**Required action:** Please produce a character-exact copy of the listing that follows, omitting all images.

**Provided data:**

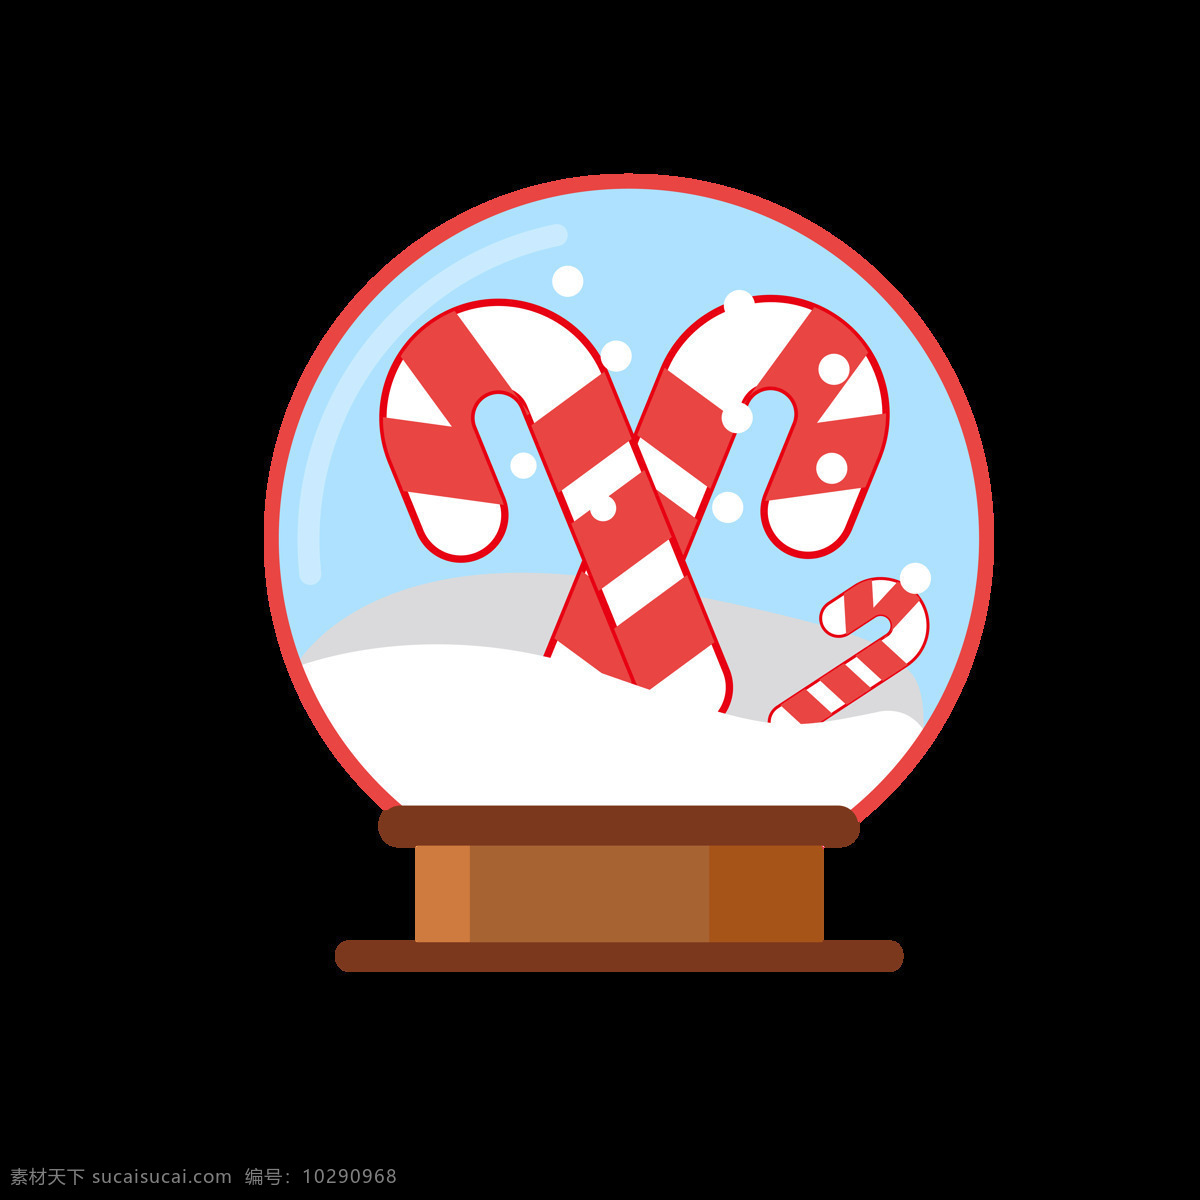 圣诞 图标 水晶球 圣诞树 花环 礼物 矢量 商用 圣诞节日 水晶 糖果
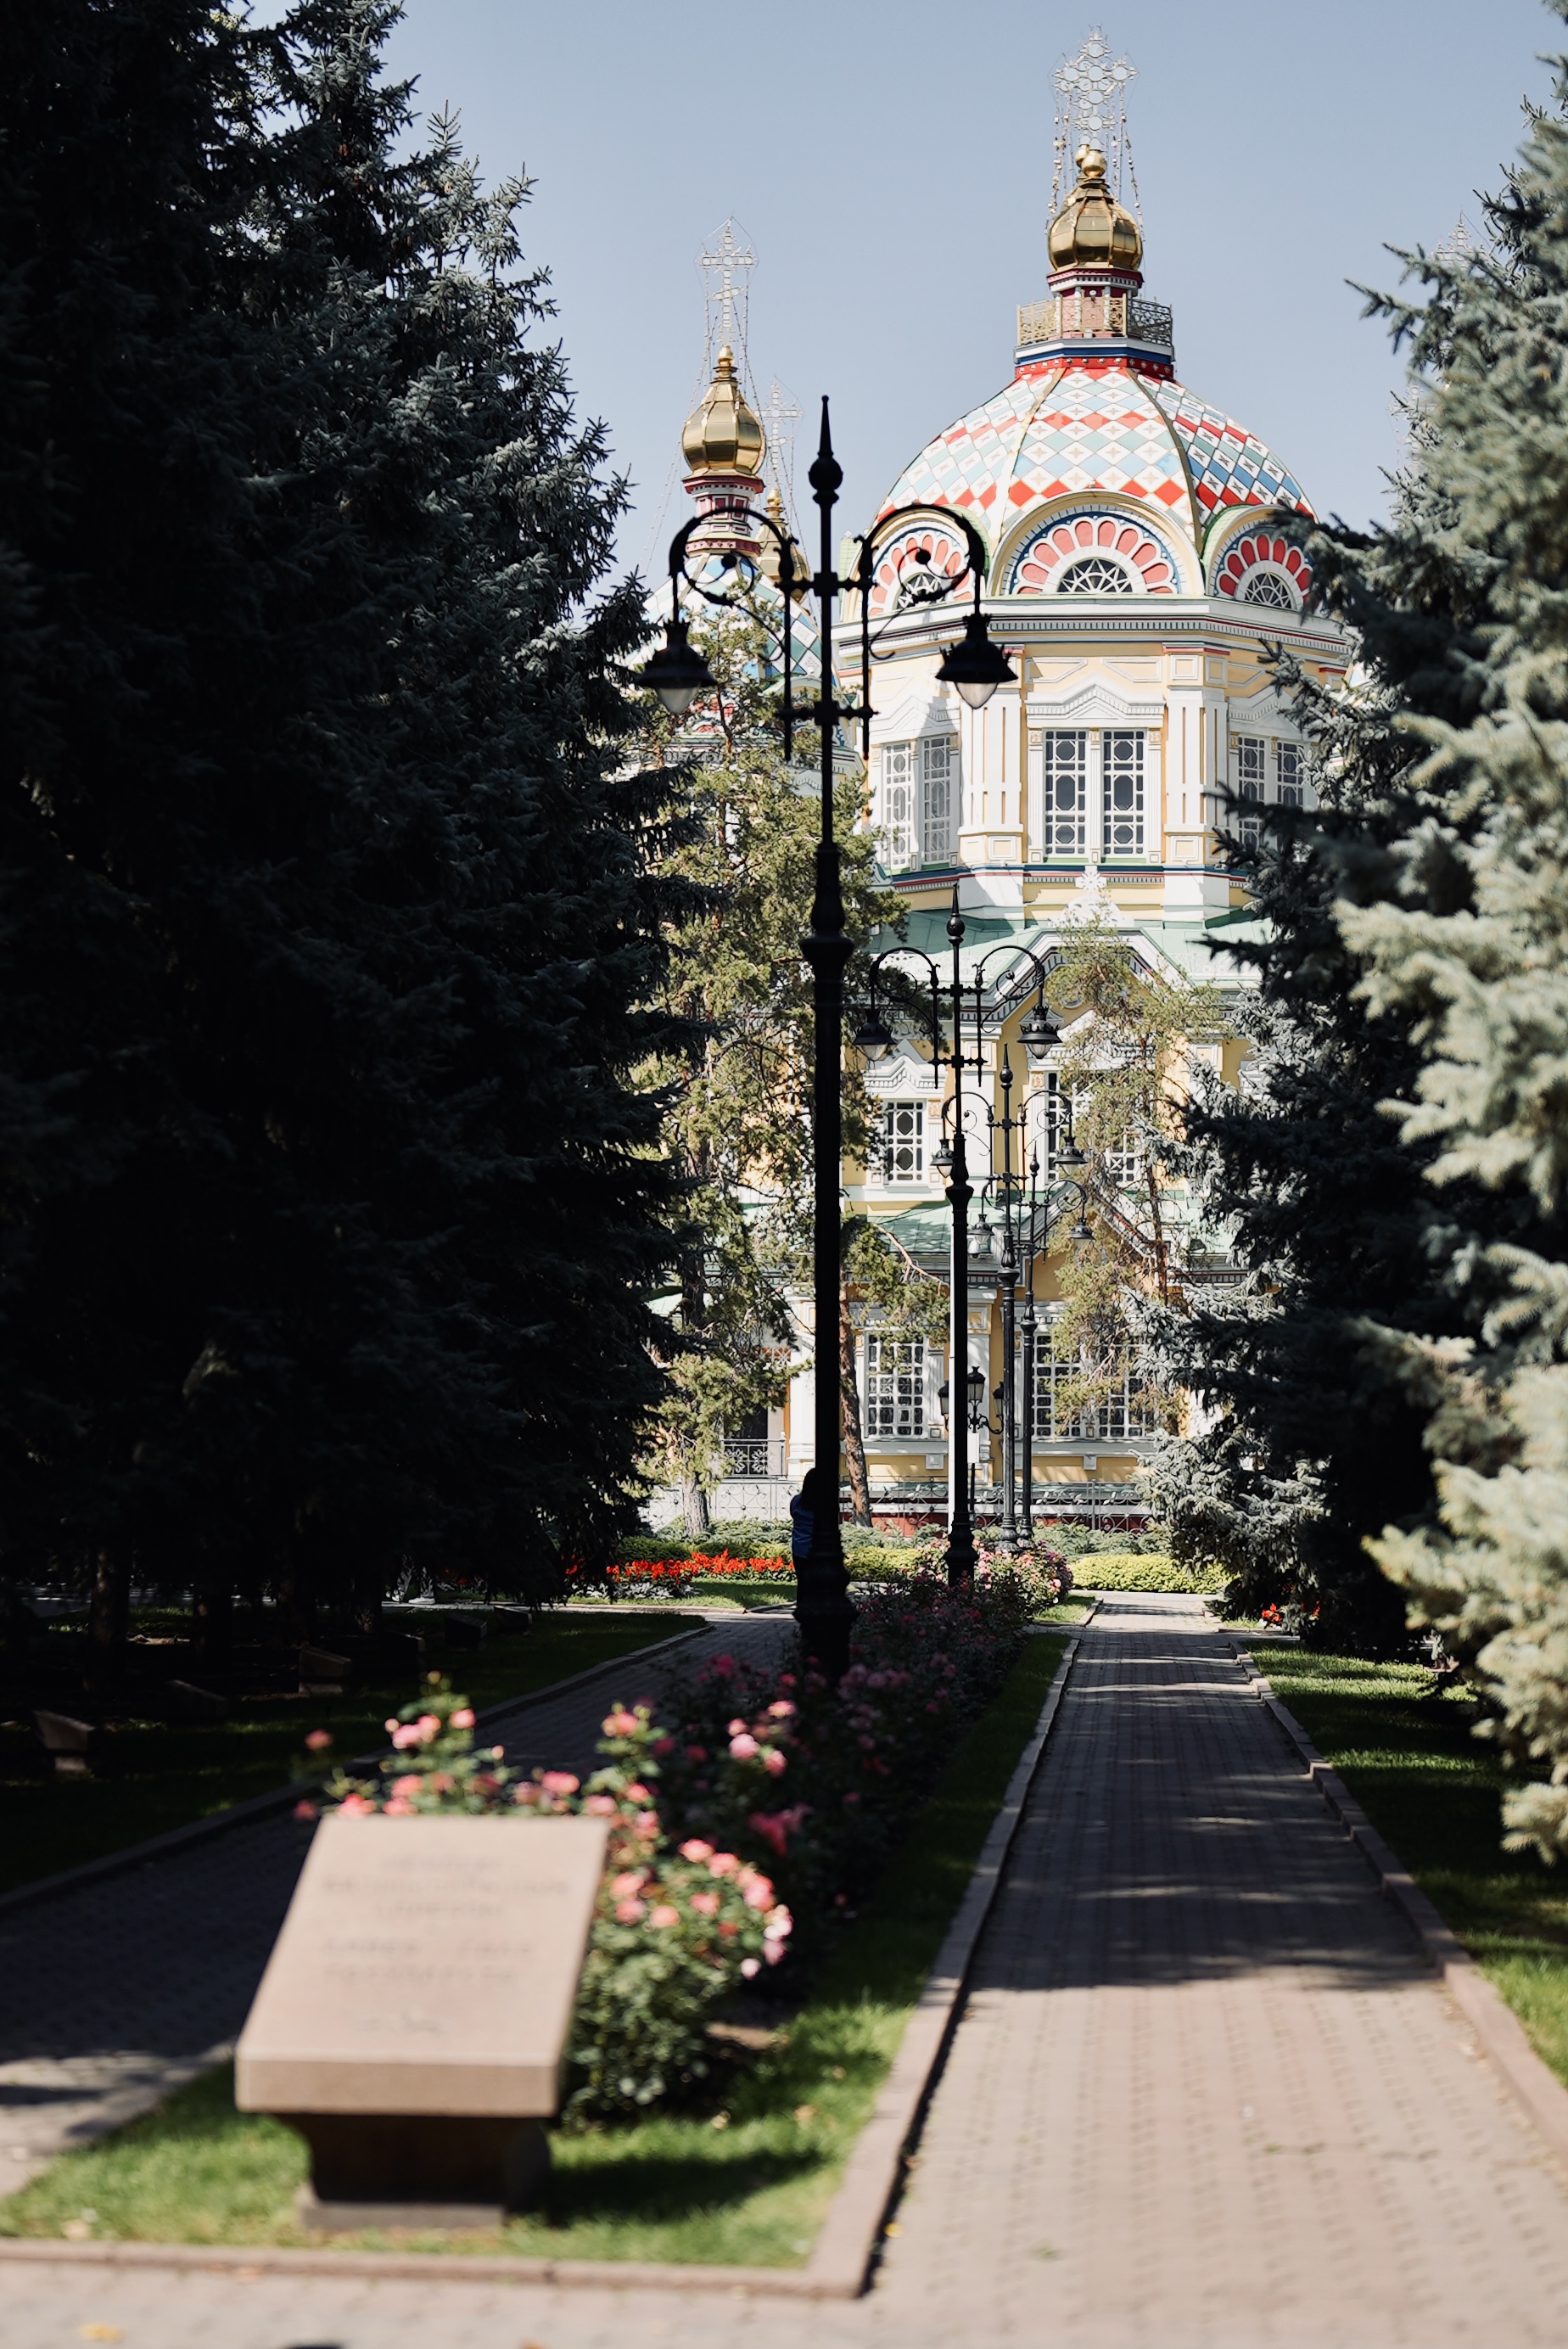 A glimpse of a street corner in Almaty, Kazakhstan. /CGTN
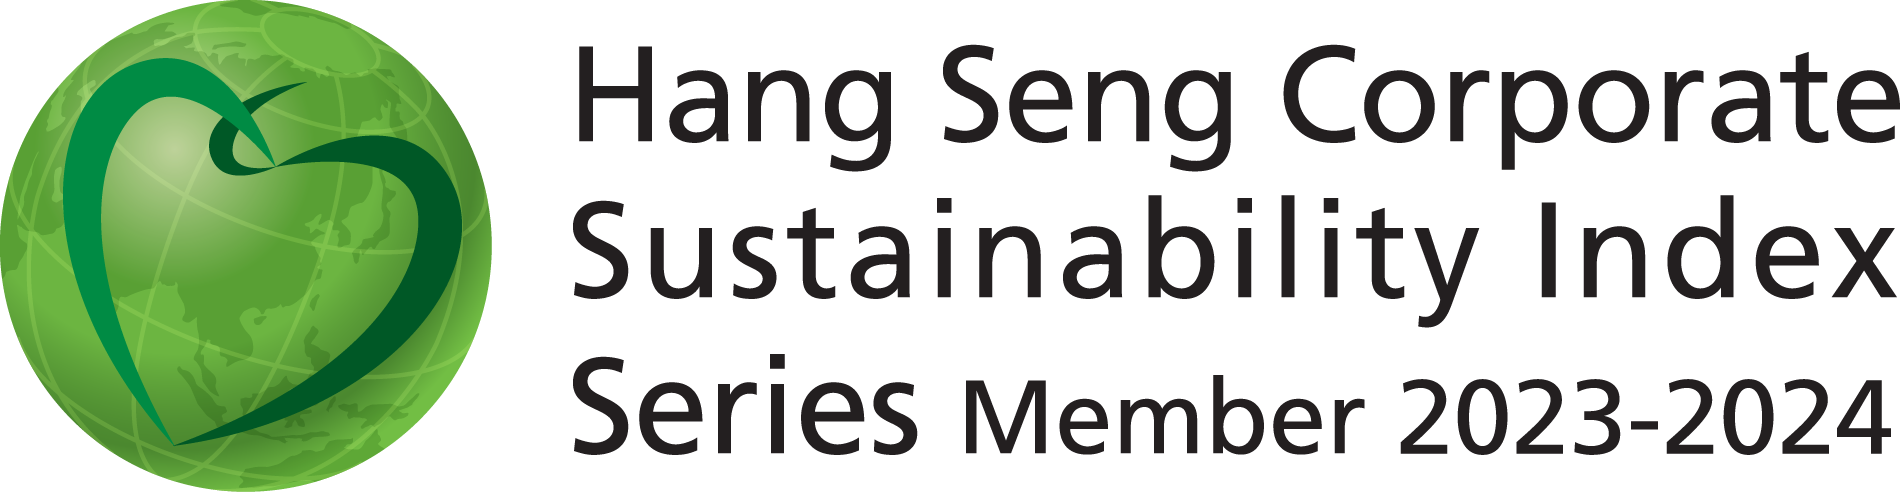 Hang Seng Sustainability Index rating icon
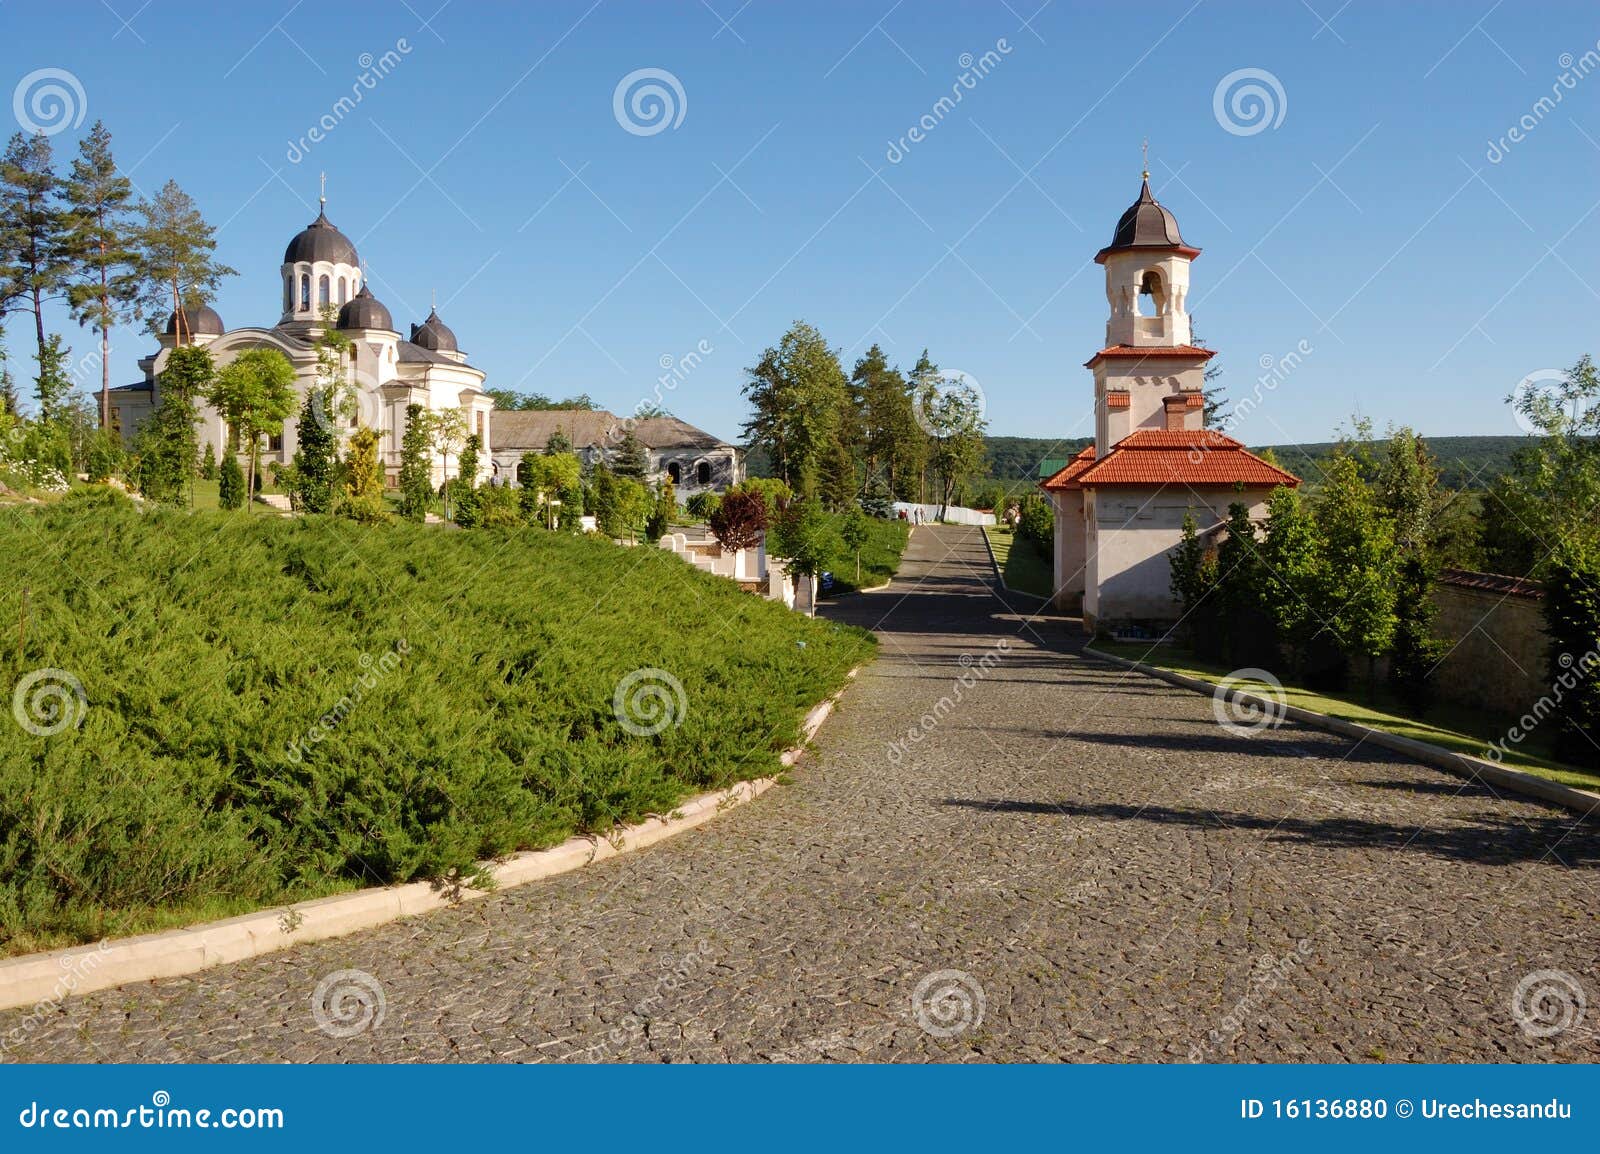 curchi monastery in moldova

**Task response:**
 圣诞 图标 水晶球 圣诞树 花环 礼物 矢量 商用 圣诞节日 水晶 糖果
 A glimpse of a street corner in Almaty, Kazakhstan. /CGTN
 Hang Seng Sustainability Index rating icon
 curchi monastery in moldova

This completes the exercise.